## The data:
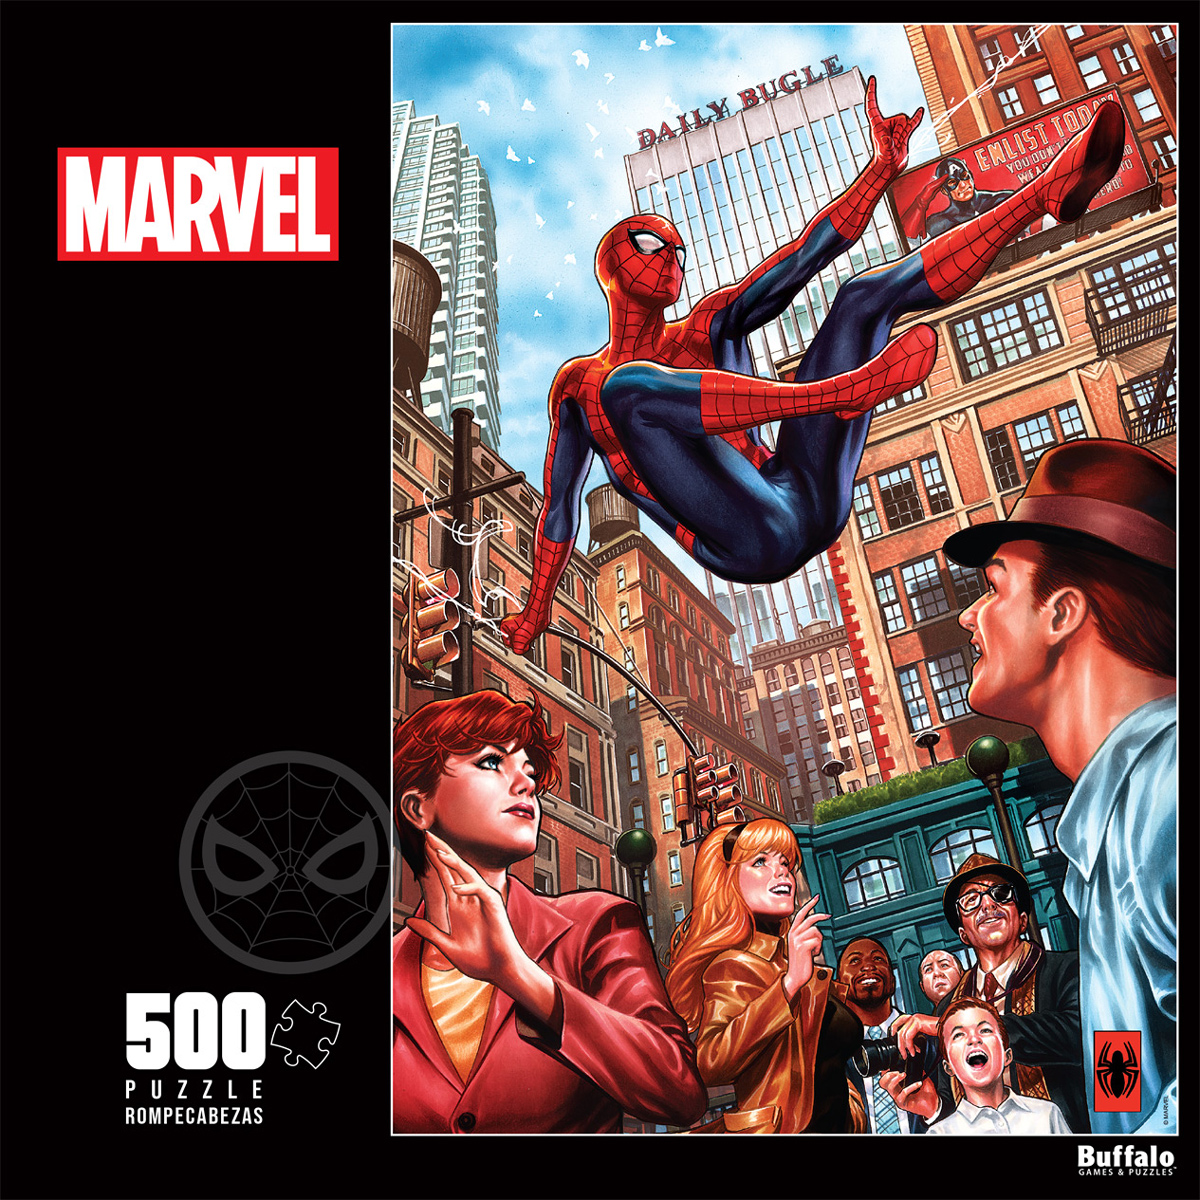 The Amazing Spider-Man #24 Variant
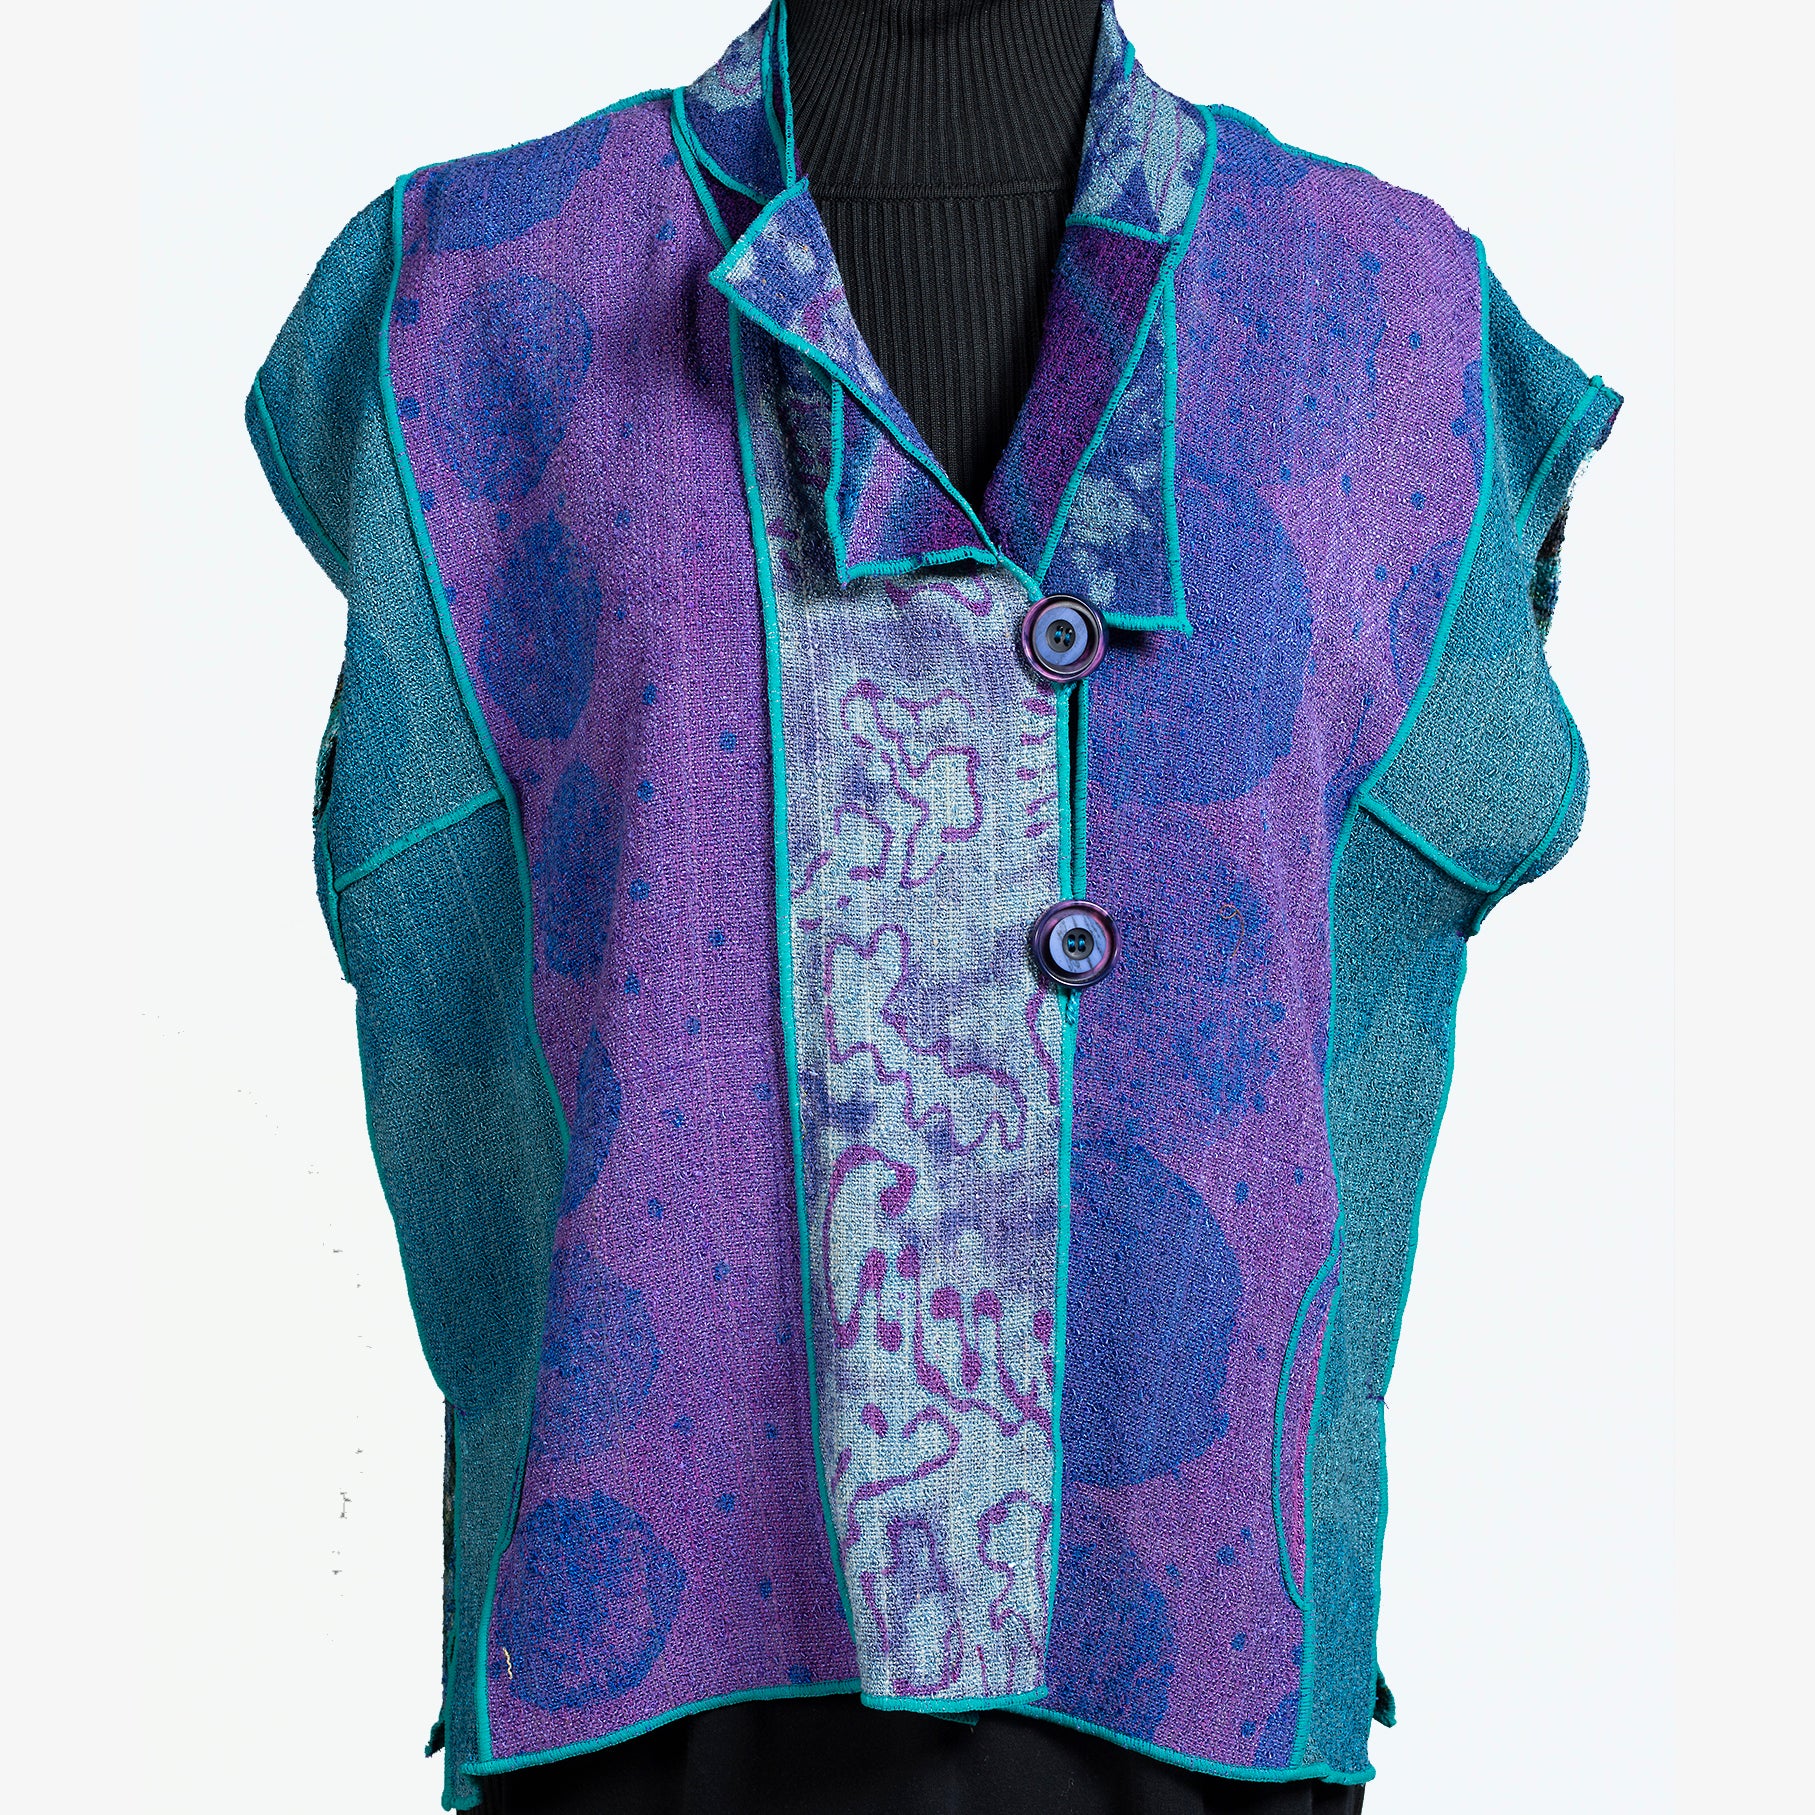 Judith Bird Vest, Short, Purple/Turquoise/Blue, S/M
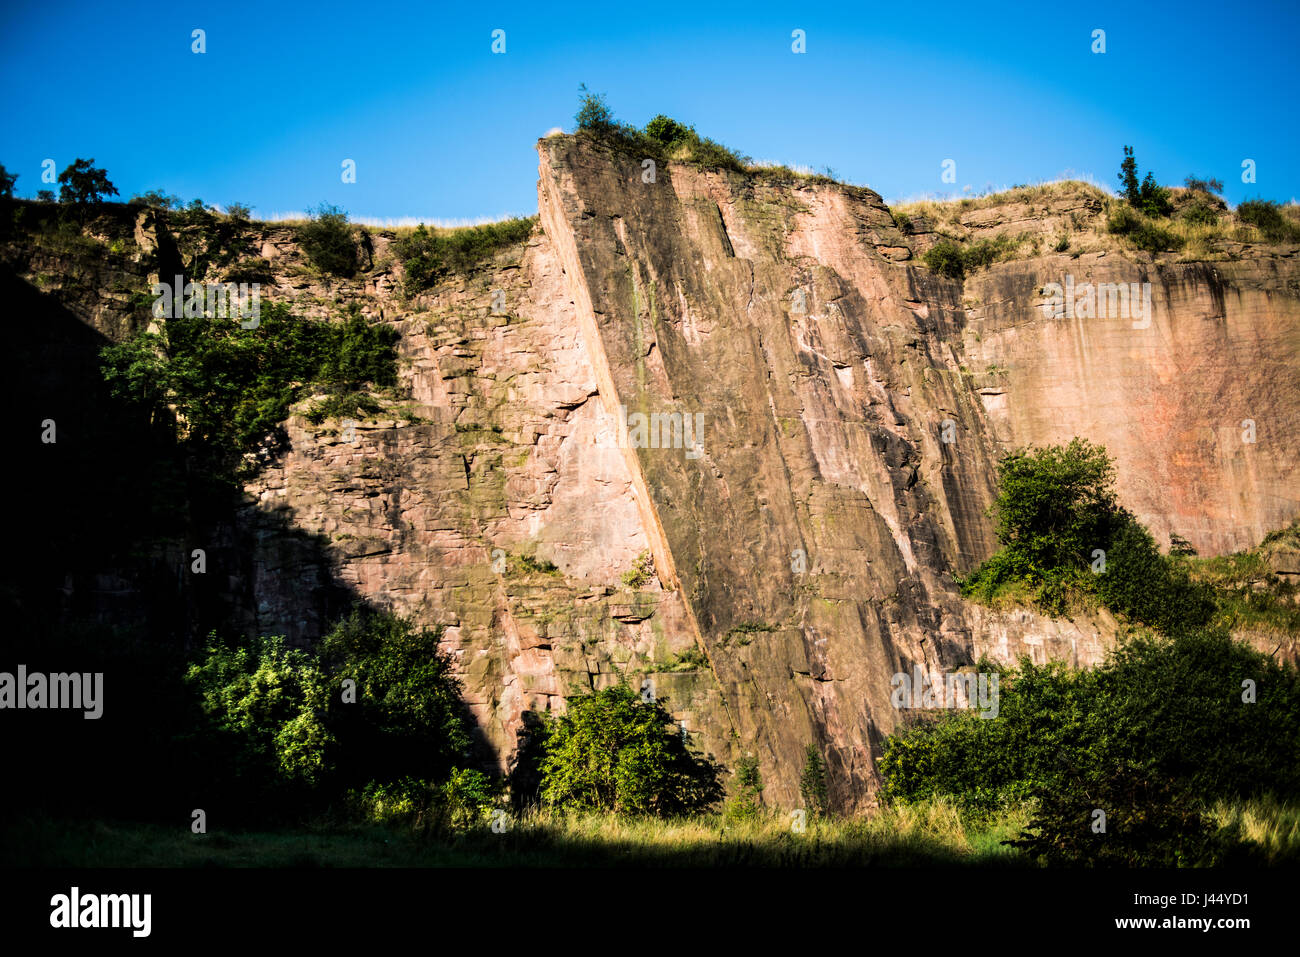 Big climbing wall in Germany, sunny day. Stock Photo

## Work order:
Reproduce the whole listing exactly, but not the images in it.

## Response to the exercise:
 The Amazing Spider-Man #24 Variant
 Judith Bird Vest, Short, Purple/Turquoise/Blue, S/M
 Big climbing wall in Germany, sunny day. Stock Photo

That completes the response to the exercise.